The MFC is a library and can be used to manually develop programs. To make the use of MFC friendlier, Microsoft developed Microsoft Visual C++. This is a graphical programming environment that allows designing Windows objects and writing code to implement their behavior. As its name indicates, this environment takes C++ as its base language. Fortunately, using MFC, it goes over some of the limitations of C++ and takes advantage of MFC’s classes.
C++ is a computer language that uses specific syntaxes and rules to allow a person, called a user, to give instructions to the machine. To give these instructions, you write a mix of easy to identify and relatively easy to use words in a human language such as English. You create these instructions in a computer file and save them with the .cpp extension. There can also be other files with other types of extensions such as .h. When the instructions are ready, you submit them to a program called a compiler that will translate your instructions from English to a machine language. To make it easy to create programs using the C++ language in Microsoft Windows, the company developed Microsoft Visual C++ 2005, which has the compiler “embedded” in it.

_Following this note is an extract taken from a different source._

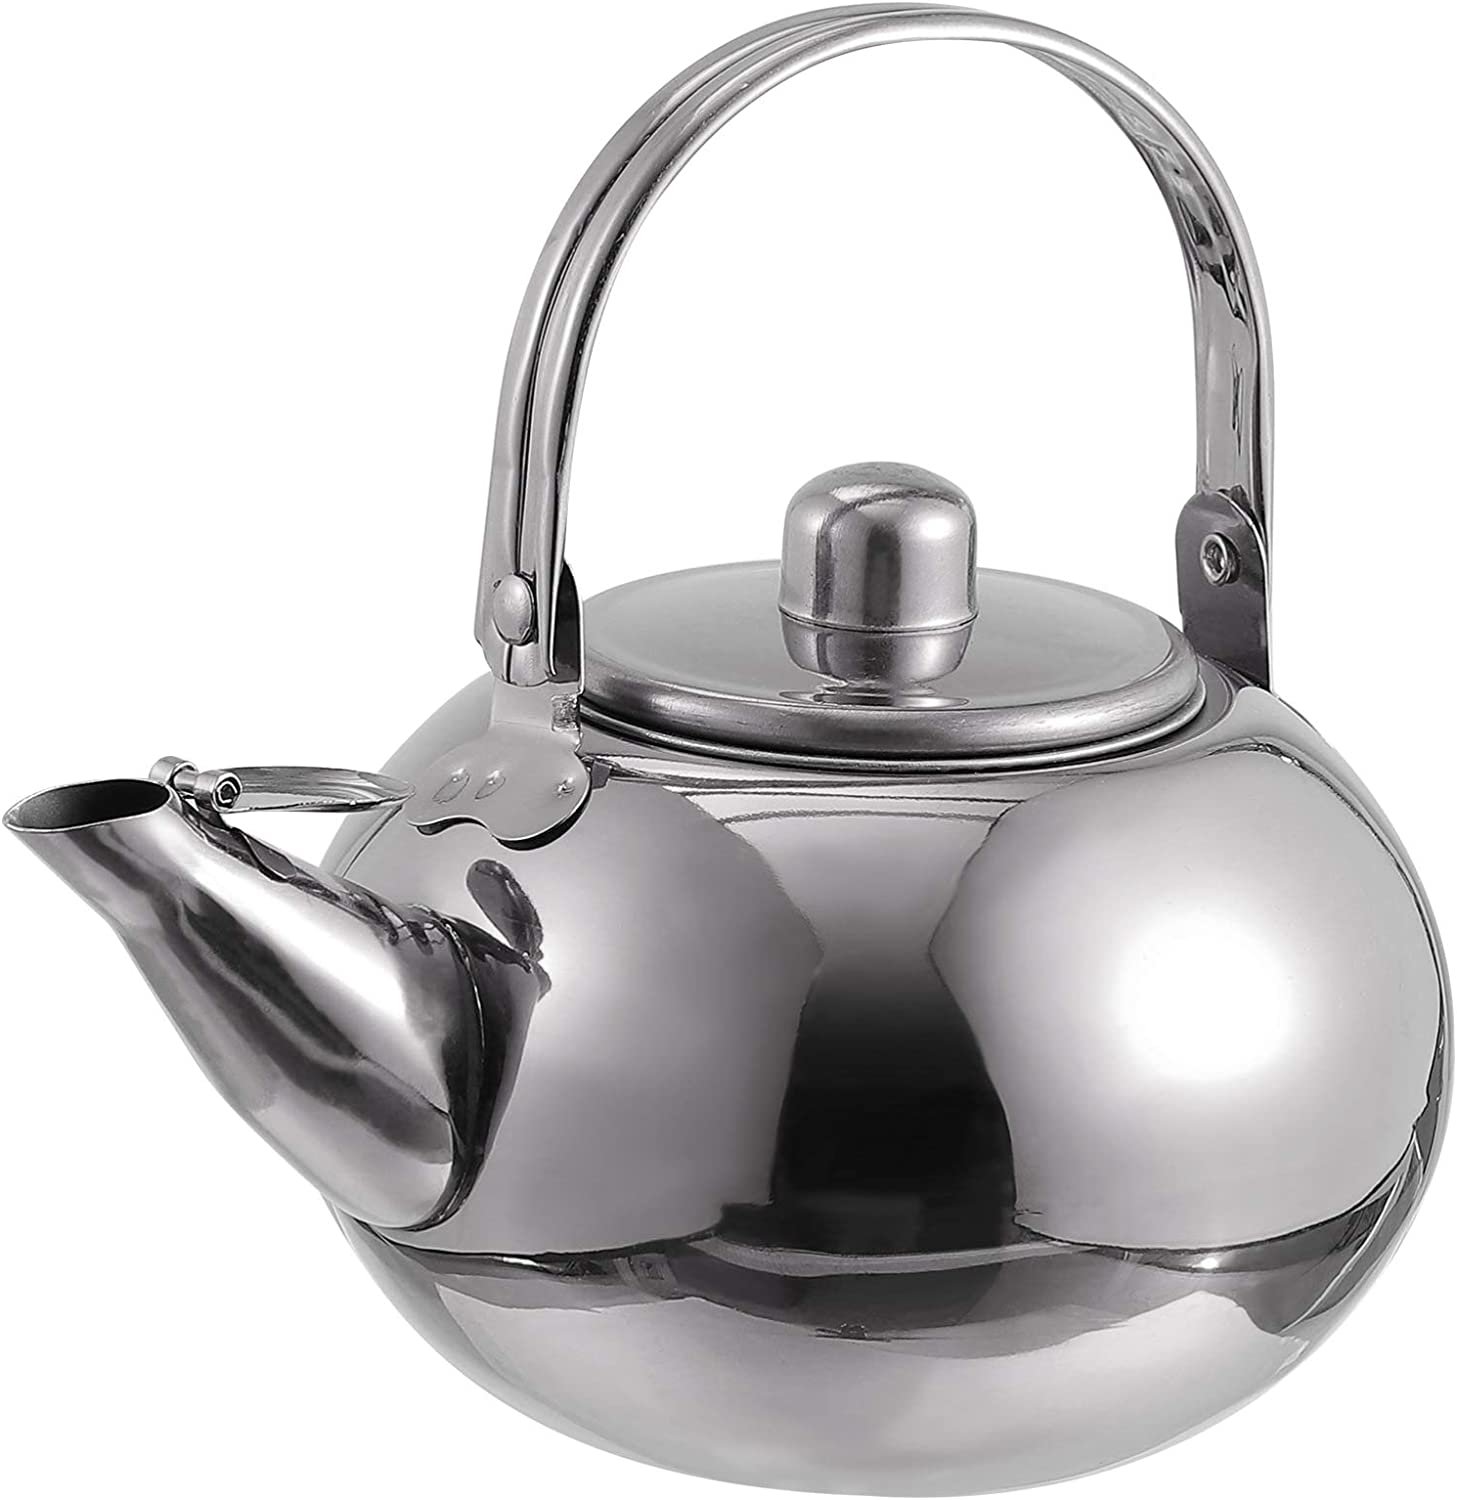 Cabilock Stainless Steel Tea Pot with Filter Metal Tea Kettle Teapot Stove Whistles Tea Pot Tea Maker Tea Kettle Silver

CL, the compiler used in Microsoft Visual C++ 2005 is very powerful and practically unique. It “understands” more languages than any other compiler of the Microsoft Visual Studio 2005 family. You can use CL to compile programs written in C and in C++. Yes, these are three different languages. In fact, you can include C and C++ code in the same file and it would compile fine.
The most basic program you can create in C++ is called a console application. This type displays its results in a dark box that we will call the DOS window.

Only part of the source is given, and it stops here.